One does not compare the absolute values of two AICs (which can be like $\sim 100$ but also $\sim 1000000$), but considers their difference:
$$\Delta_i=AIC_i-AIC_{\rm min},$$
where $AIC_i$ is the AIC of the $i$-th model, and $AIC_{\rm min}$ is the lowest AIC one obtains among the set of models examined (i.e., the prefered model). The rule of thumb, outlined e.g. in Burnham & Anderson 2004, is:
- if $\Delta_i<2$, then there is substantial support for the $i$-th model (or the evidence against it is worth only a bare mention), and the proposition that it is a proper description is highly probable;
- if $2<\Delta_i<4$, then there is strong support for the $i$-th model;
- if $4<\Delta_i<7$, then there is considerably less support for the $i$-th model;
- models with $\Delta_i>10$ have essentially no support.

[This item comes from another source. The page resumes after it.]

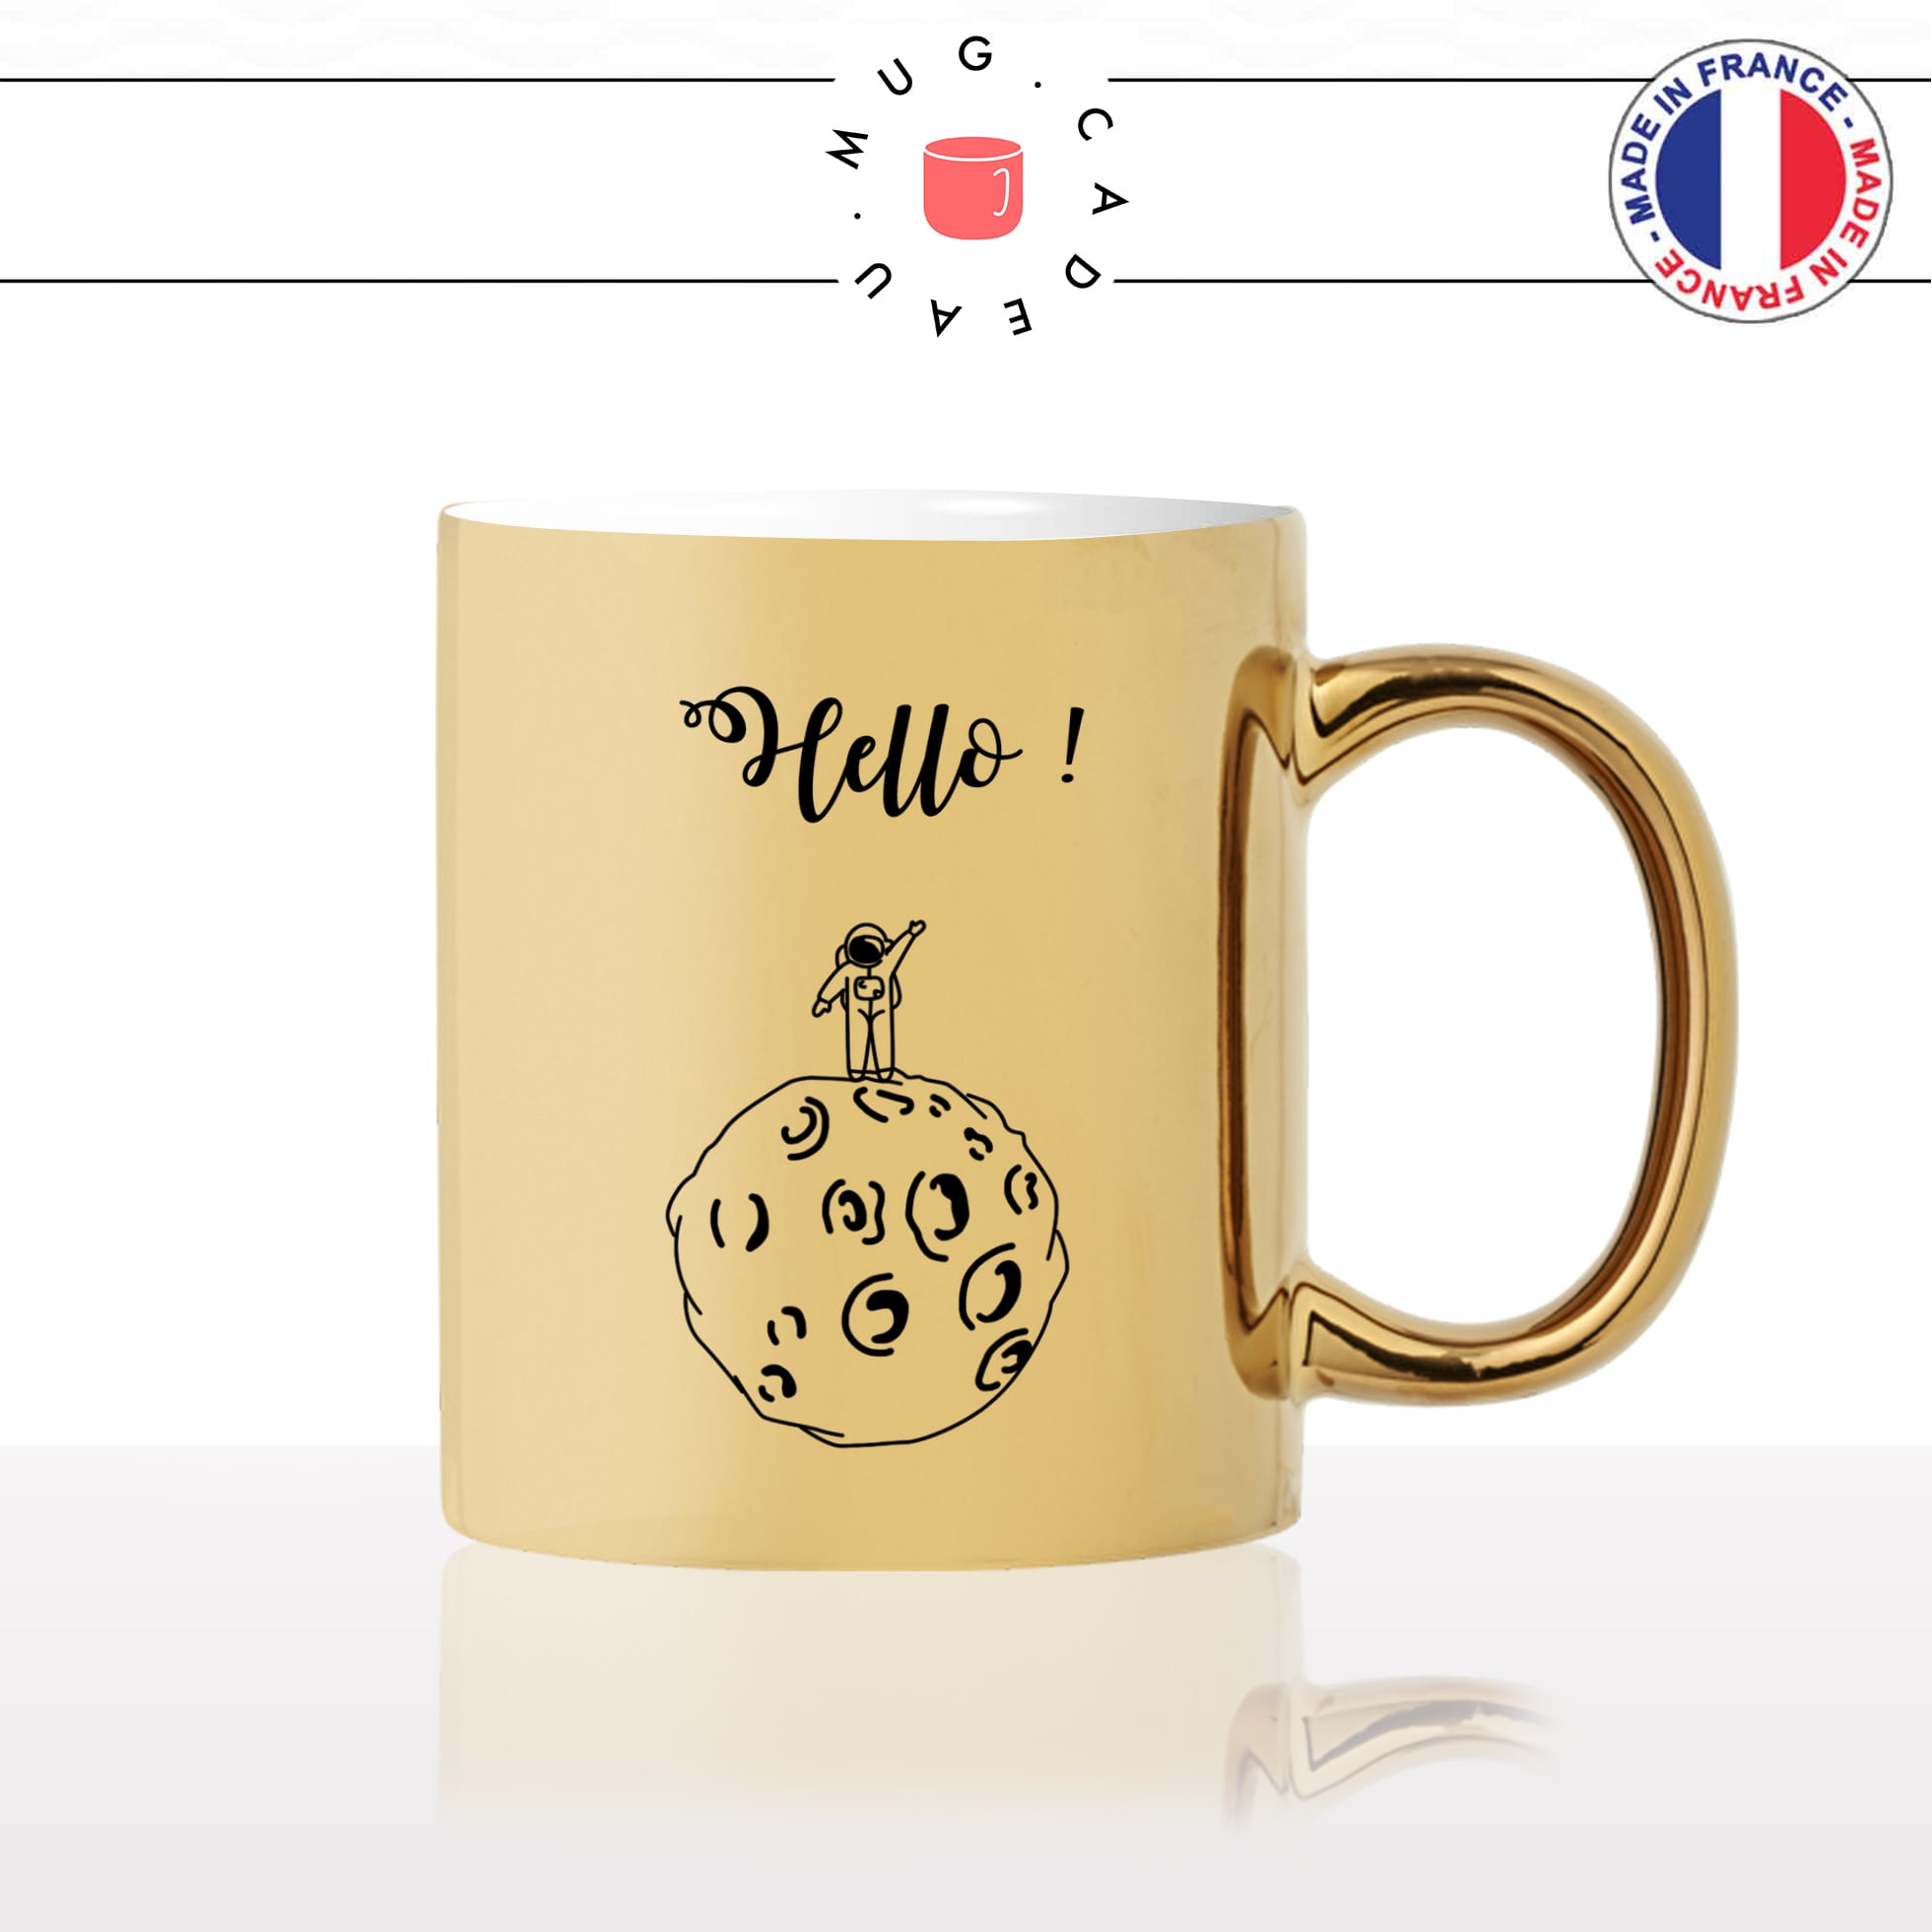 mug-tasse-or-doré-gold-espace-astronaute-hello-bonjour-lune-fusée-armstrong-nasa-cool-idée-cadeau-drole-original-fun-café-thé-personnalisé2-min

Now, regarding the 0.7% mentioned in the question, consider two situations:
- $AIC_1=AIC_{\rm min}=100$ and $AIC_2$ is bigger by 0.7%: $AIC_2=100.7$. Then $\Delta_2=0.7<2$ so there is no substantial difference between the models.
- $AIC_1=AIC_{\rm min}=100000$ and $AIC_2$ is bigger by 0.7%: $AIC_2=100700$. Then $\Delta_2=700\gg 10$ so there is no support for the 2-nd model.
Hence, saying that the difference between AICs is 0.7% does not provide any information.
The AIC value contains scaling constants coming from the log-likelihood
$\mathcal{L}$, and so $\Delta_i$ are free of such constants. One
might consider $\Delta_i = AIC_i − AIC_{\rm min}$ a rescaling transformation that forces the best model to have $AIC_{\rm min} := 0$.
The formulation of AIC penalizes the use of an excessive number of parameters, hence discourages overfitting. It prefers models with fewer parameters, as long as the others do not provide a substantially better fit. AIC tries to select a model (among the examined ones) that most adequately describes reality (in the form of the data under examination). This means that in fact the model being a real description of the data is never considered. Note that AIC gives you the information which model describes the data better, it does not give any interpretation.
Personally, I would say that if you have a simple model and a complicated one that has a much lower AIC, then the simple model is not good enough. If the more complex model is really much more complicated but the $\Delta_i$ is not huge (maybe $\Delta_i<2$, maybe $\Delta_i<5$ - depends on the particular situation) I would stick to the simpler model if it's really easier to work with.
Further, you can ascribe a probability to the $i$-th model via
$$p_i=\exp\left(\frac{-\Delta_i}{2}\right),$$
which provides a relative (compared to $AIC_{\rm min}$) probability that the $i$-th models minimizes the AIC. For example, $\Delta_i=1.5$ corresponds to $p_i=0.47$ (quite high), and $\Delta_i=15$ corresponds to $p_i=0.0005$ (quite low). The first case means that there is 47% probability that the $i$-th model might in fact be a better description than the model that yielded $AIC_{\rm min}$, and in the second case this probability is only 0.05%.
Finally, regarding the formula for AIC:
$$AIC=2k-2\mathcal{L},$$
it is important to note that when two models with similar $\mathcal{L}$ are considered, the $\Delta_i$ depends solely on the number
of parameters due to the $2k$ term. Hence, when $\frac{\Delta_i}{2\Delta k} < 1$, the relative improvement is due to actual improvement of the fit, not to increasing the number of parameters only.
TL;DR
- It's a bad reason; use the difference between the absolute values of the AICs.
- The percentage says nothing.
- Not possible to answer this question due to no information on the models, data, and what does different results mean.